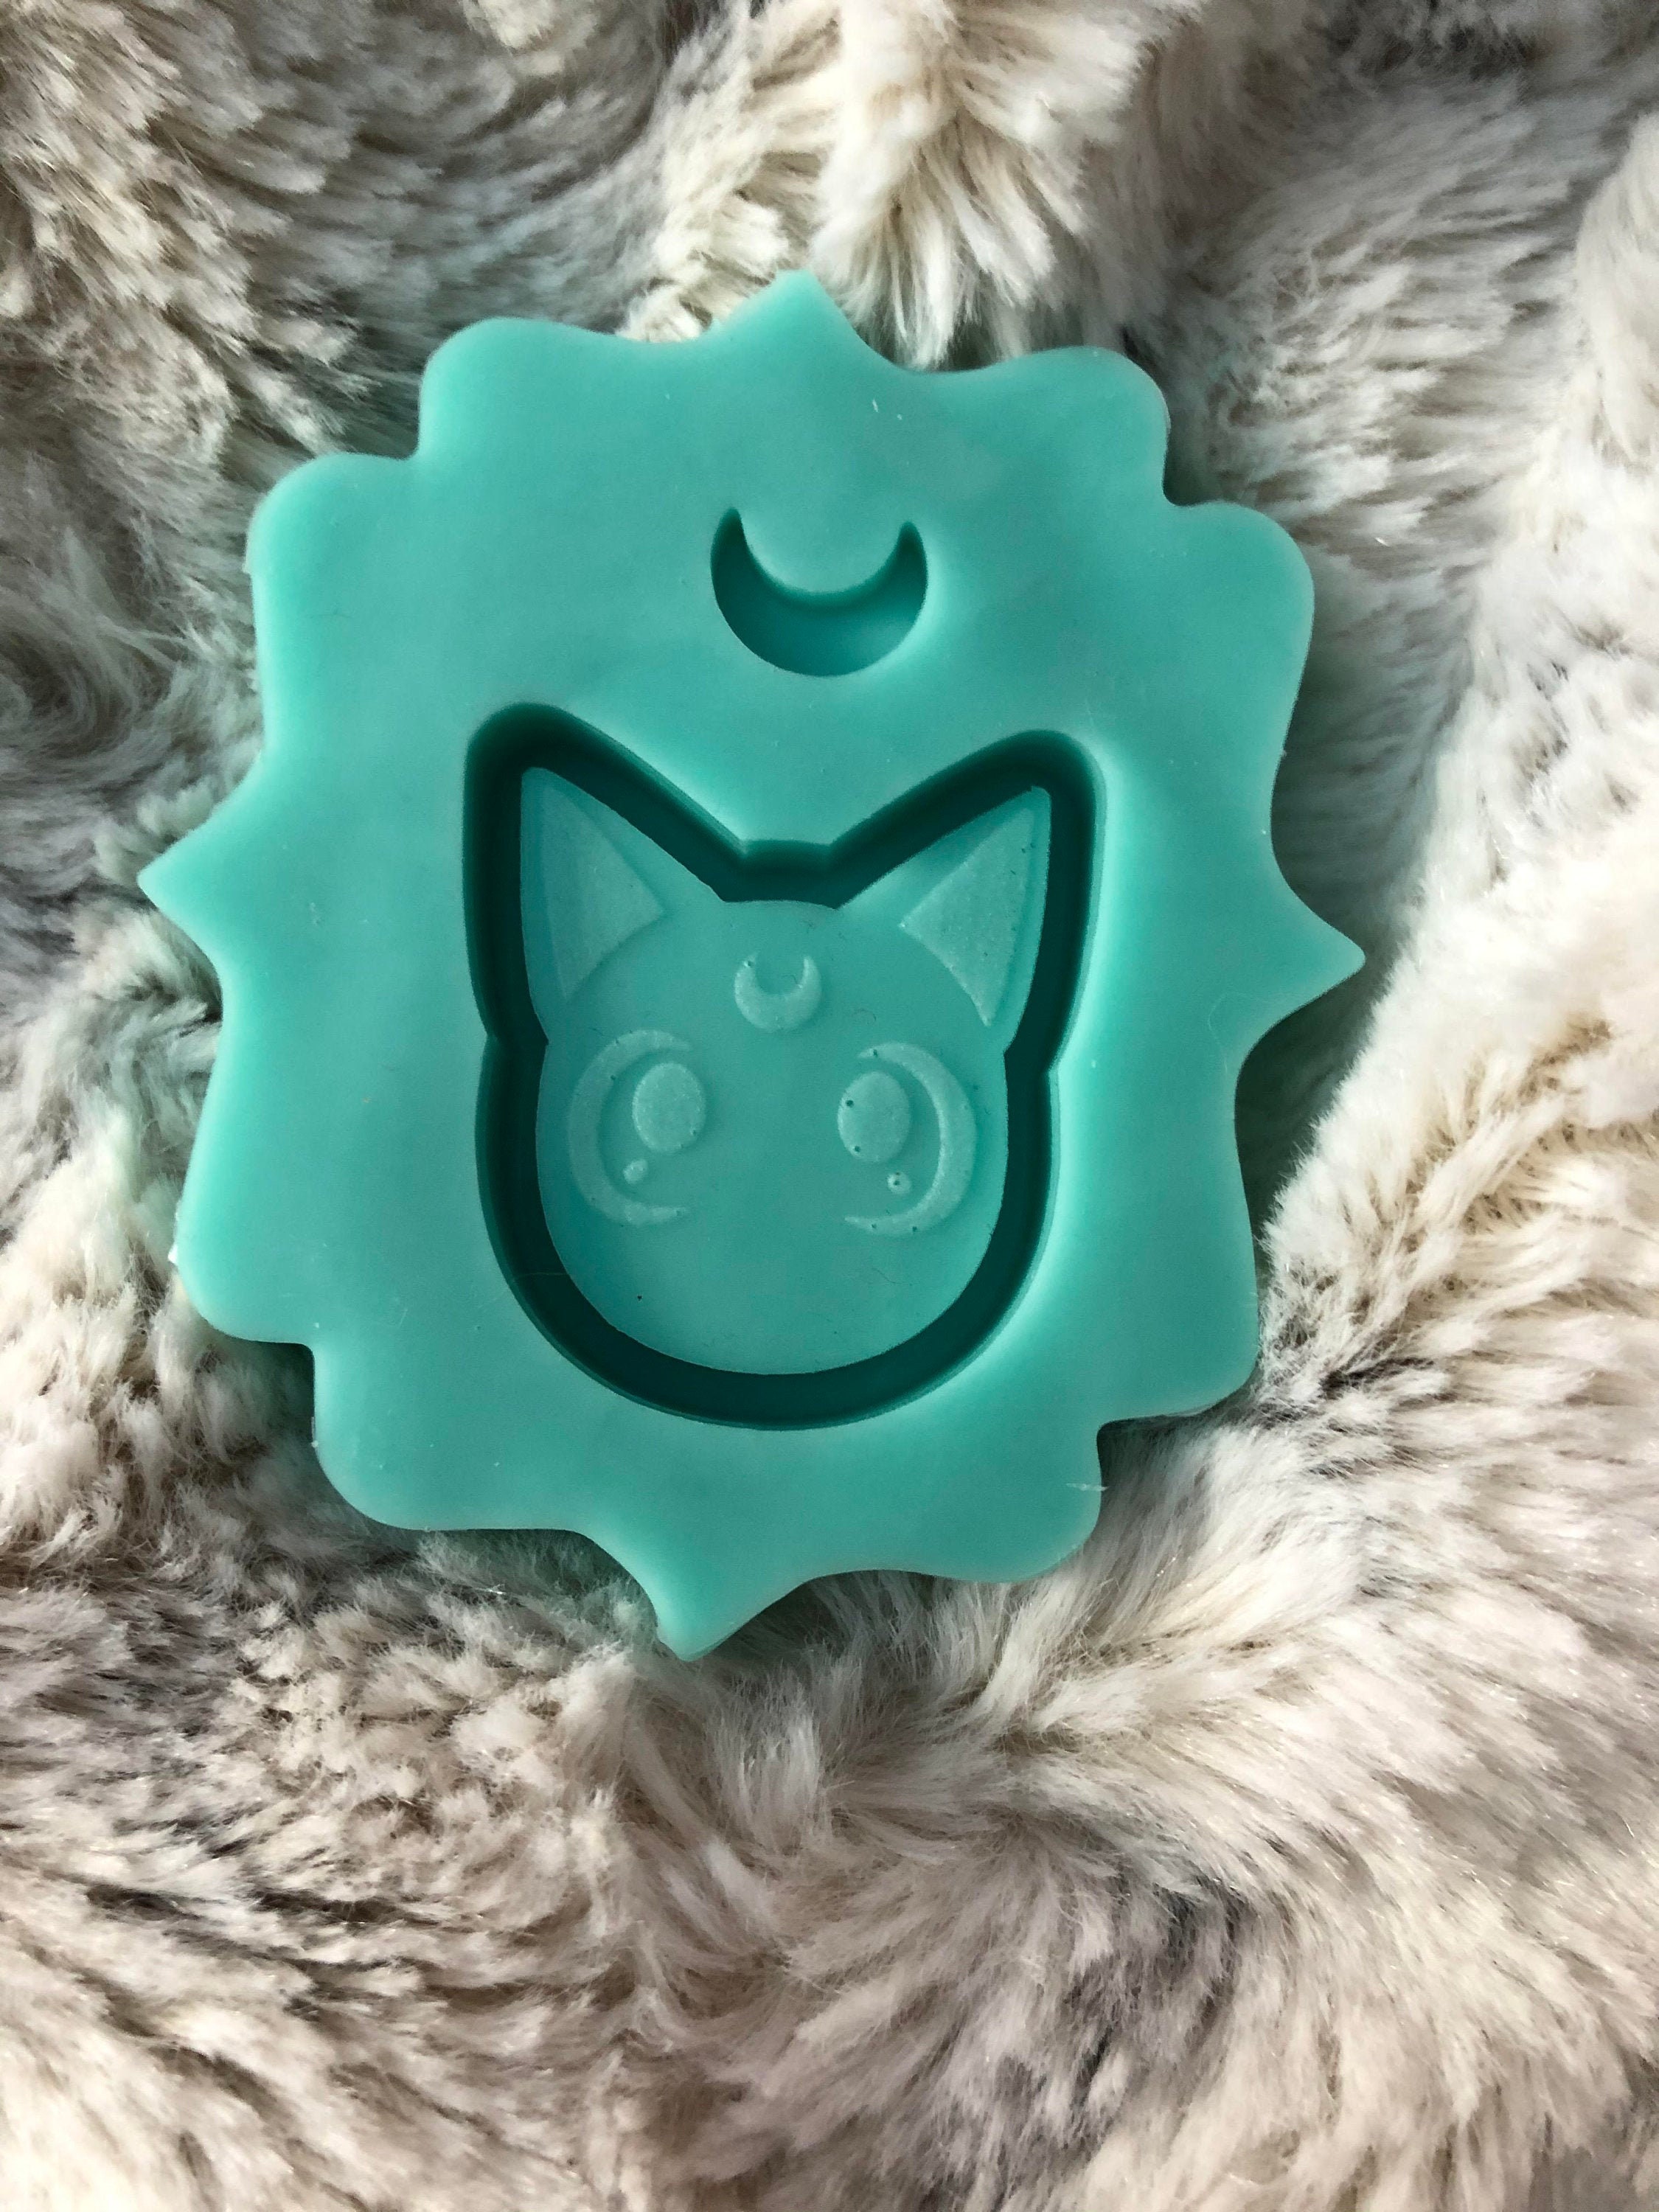 Phone Holder Silicone Mold, Shiny Mold, Silicone Molds for Epoxy Crafts,  Resin Craft Molds, Epoxy Resin Jewelry Making Supplies 
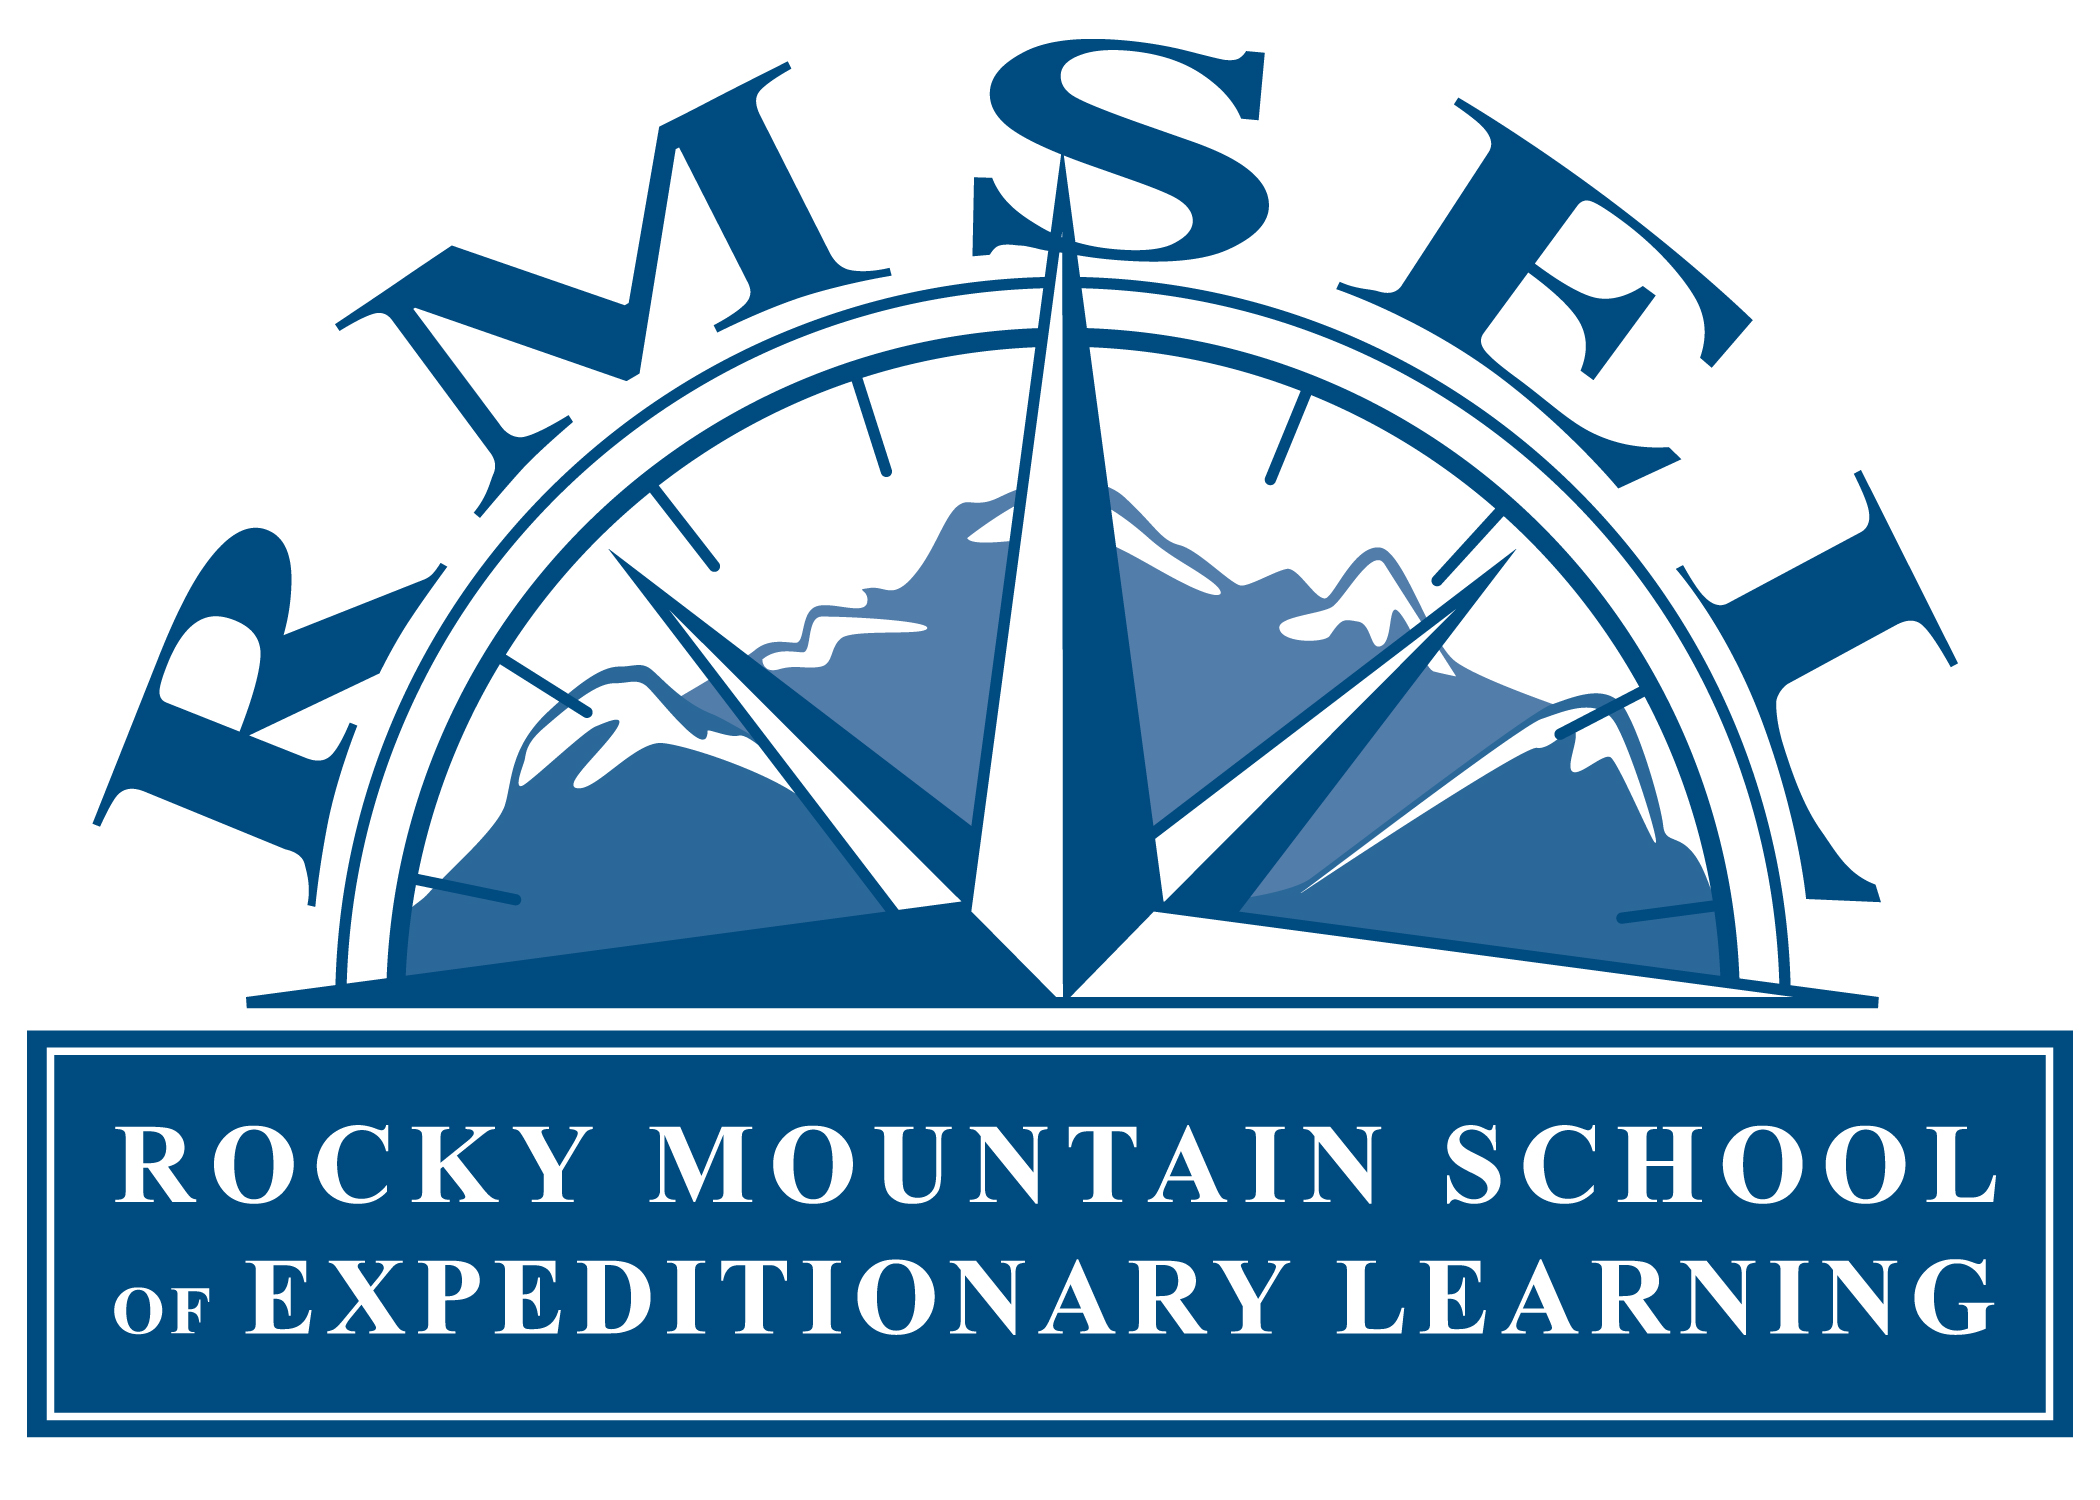 Rocky Mountain School of Expeditionary Learning
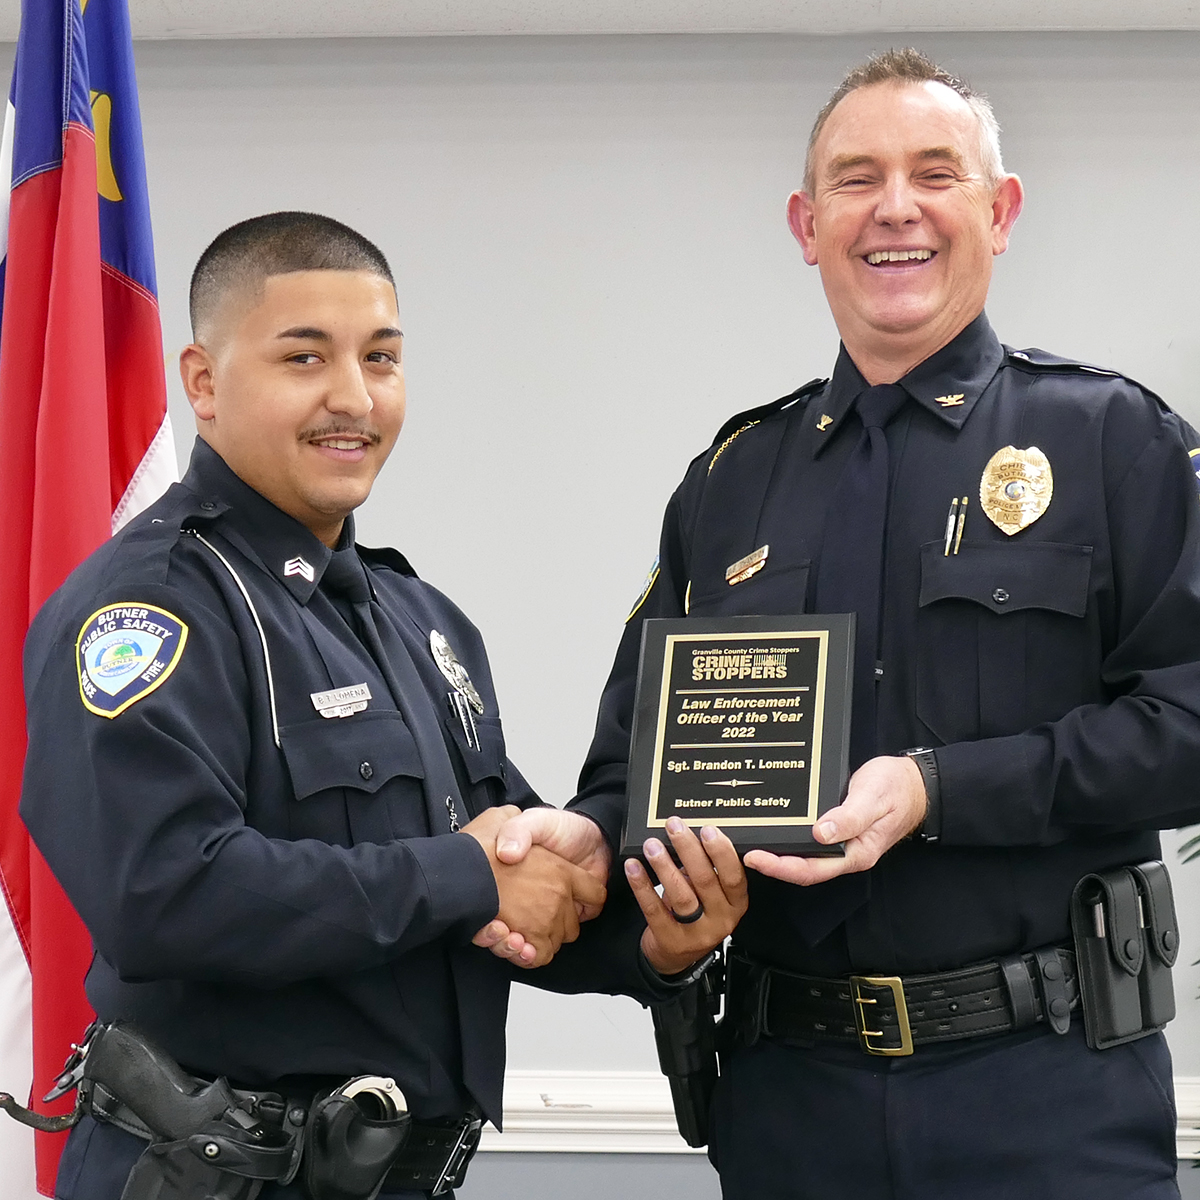 Law Enforcement Officer of the Year-Butner Public Safety

* _EXERCISE BRIEF_: Each line of the data is to be duplicated exactly; pictures stay out of the copy.

* _YOUR SOLUTION_:
 Phone Holder Silicone Mold, Shiny Mold, Silicone Molds for Epoxy Crafts,  Resin Craft Molds, Epoxy Resin Jewelry Making Supplies 
 Rocky Mountain School of Expeditionary Learning
 Law Enforcement Officer of the Year-Butner Public Safety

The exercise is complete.